Main output directory (same as input)

File When Content
<name>.md Always Primary markdown — UTF-8 BOM, structured text from PageModel
<name>_structural.pdf Default (--pdf-mode structural) Rebuilt page: typography and layout
<name>_photo.jpg When StructureV3 finds an image block Cropped photo
<name>_clean.pdf Only --emit-clean Reflowed text PDF
<name>_vl.md Hybrid/best VL raw markdown (comparison)

Not written to repo root: *_test.pdf, *_facsimile*.pdf (facsimile → ocr/).

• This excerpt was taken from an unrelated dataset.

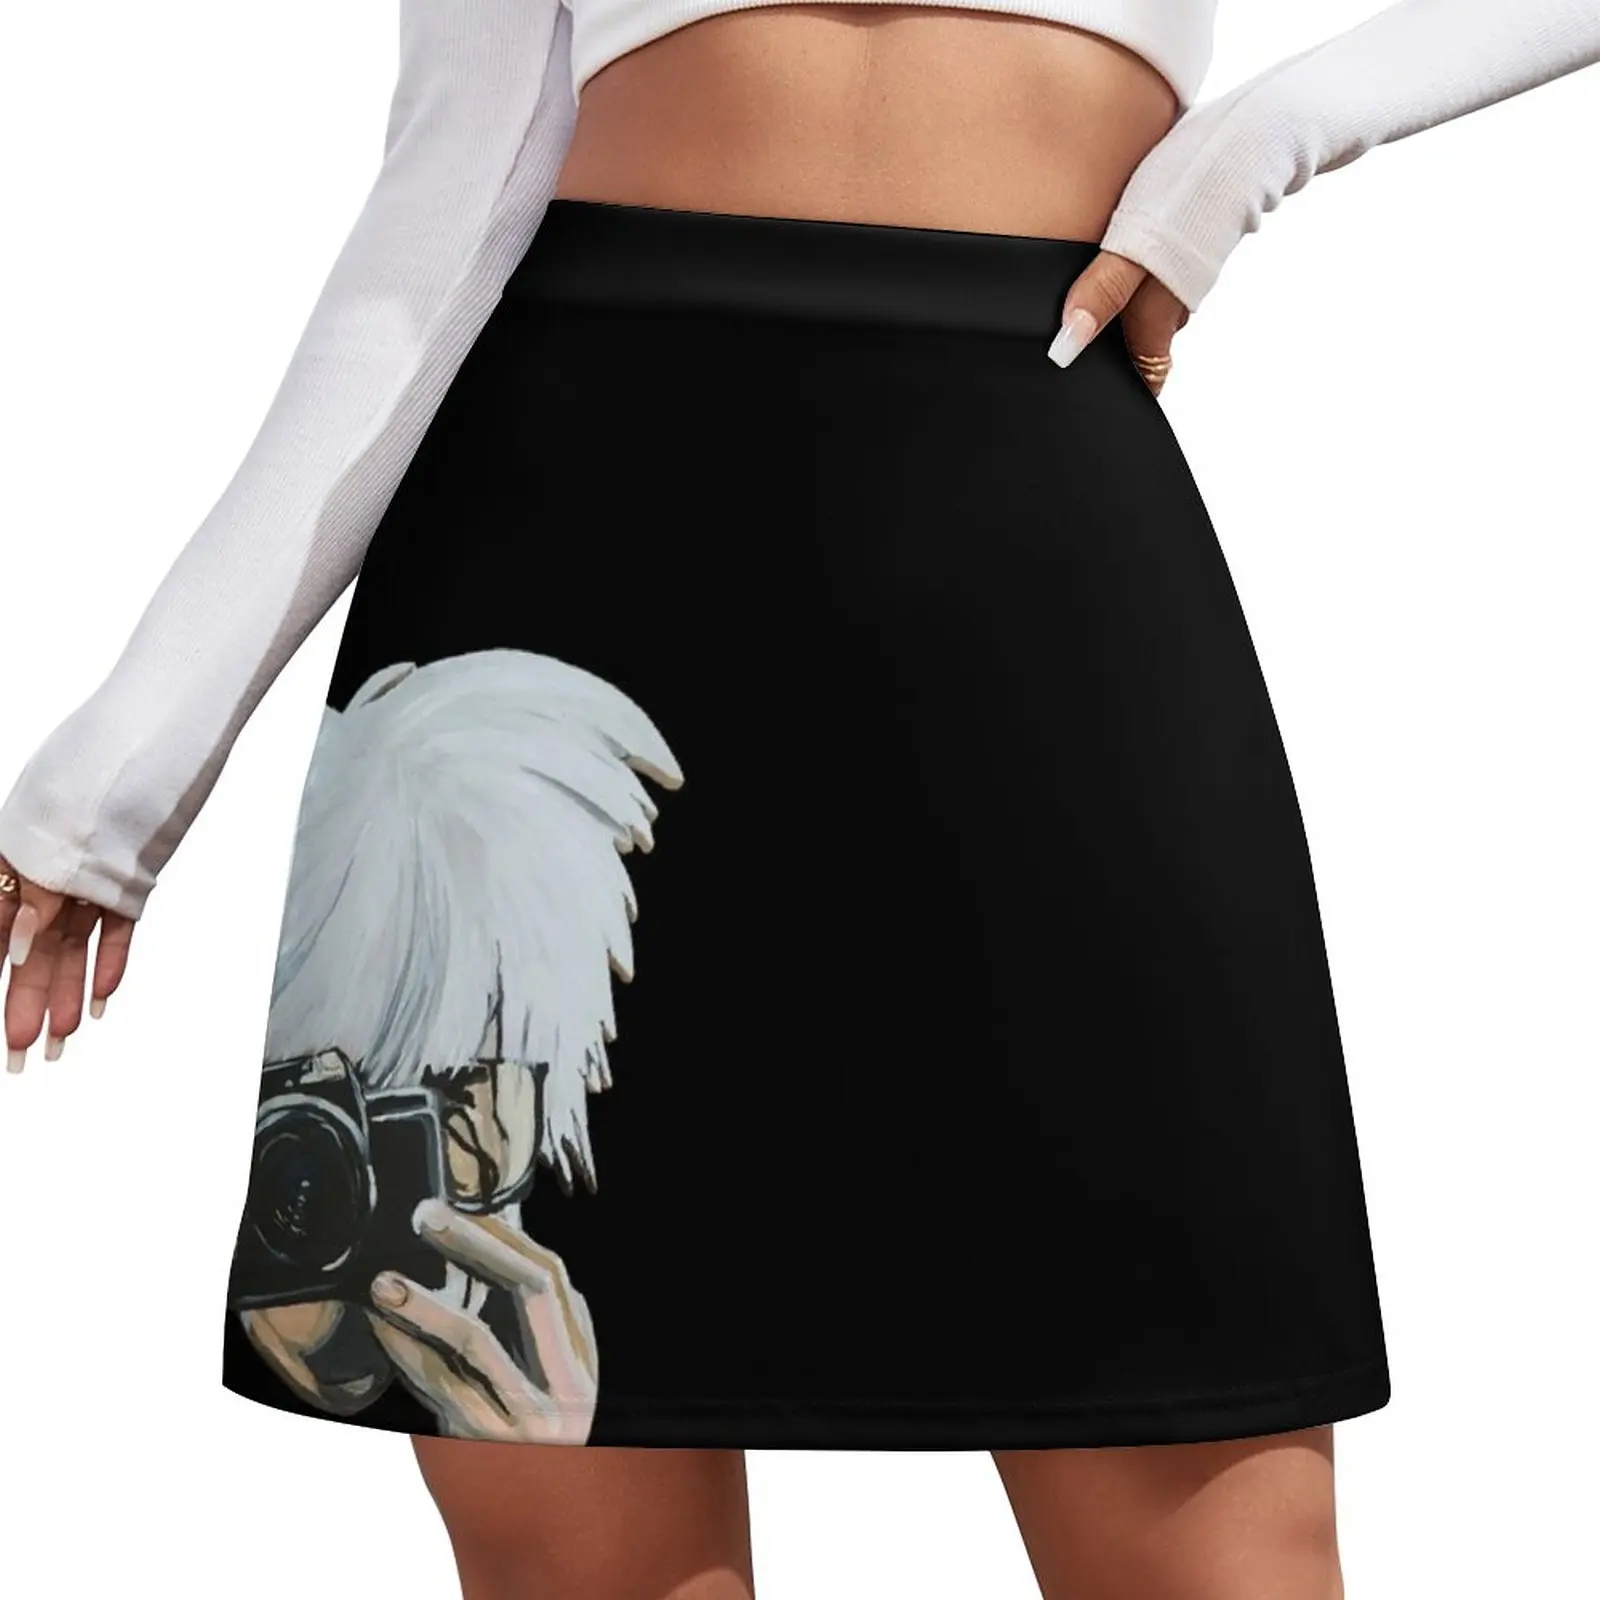 Aperture Mini Skirt extreme mini dress kawaii skirt

ocr/ directory (QA & debug)

File Content
<name>_vl_res.json PaddleOCR-VL raw output
<name>_structurev3_res.json PP-StructureV3 raw output (hybrid/best)
<name>_res.json StructureV3 (only --engine structurev3)
<name>_hybrid_res.json Combined hybrid result
<name>_compare_report.json VL vs StructureV3 differences (best)
<name>_layout_debug.jpg Bbox visualization from source
<name>_page_model.json PageModel debug
<name>_structural_report.json Render report
<name>_style_debug.json Typography and font roles
<name>_visual_metrics.json Layout metrics (gap, whitespace, fonts)
<name>_source_alignment_metrics.json Source vs rendered ratios
<name>_content_audit.json Content audit
<name>_quality_report.json Quality gate checks
<name>_search_text.txt Searchable text layer (debug)
<name>_facsimile.pdf Only --emit-facsimile
<name>_ocr_overlay_debug.pdf Only --debug-pdf

Raw OCR JSON is not written directly to the final .md.

Final text cleanup

Module src/kuvien_parsinta/text/final_text_cleanup.pyfinal markdown + PDF text only, not raw OCR:

  • Remove Unicode replacement / control characters
  • Soft hyphens and line-break hyphenation
  • Literal fixes for known OCR errors

Quality gate

After each run, the CLI prints:

Result Meaning
QUALITY: PASS Content, layout, typography, cleanup and visual metrics OK
QUALITY: PASS_WITH_WARNINGS Content intact; visual polish still needs tuning
QUALITY: FAIL Missing content, text crop, hard layout error or font size below threshold

Checks: content audit, layout zones, visual metrics, text cleanup, crop policy.

Details: docs/ERRORS.md.


Usage example

kuvien-parsinta parse parsittavat\example\document.jpg --engine hybrid --quality max

Output:

document.md
document_structural.pdf
ocr/document_quality_report.json

Quick start

git clone https://github.com/FoxRav/doclayout-ai.git
cd doclayout-ai
powershell -ExecutionPolicy Bypass -File scripts\setup.ps1

.\scripts\activate.ps1
pip install -e ".[dev,pdf]"

kuvien-parsinta parse parsittavat\example\document.jpg
pytest tests/ -q

Input: parsittavat/ — local input directory (not committed to Git; only .gitkeep in the repo).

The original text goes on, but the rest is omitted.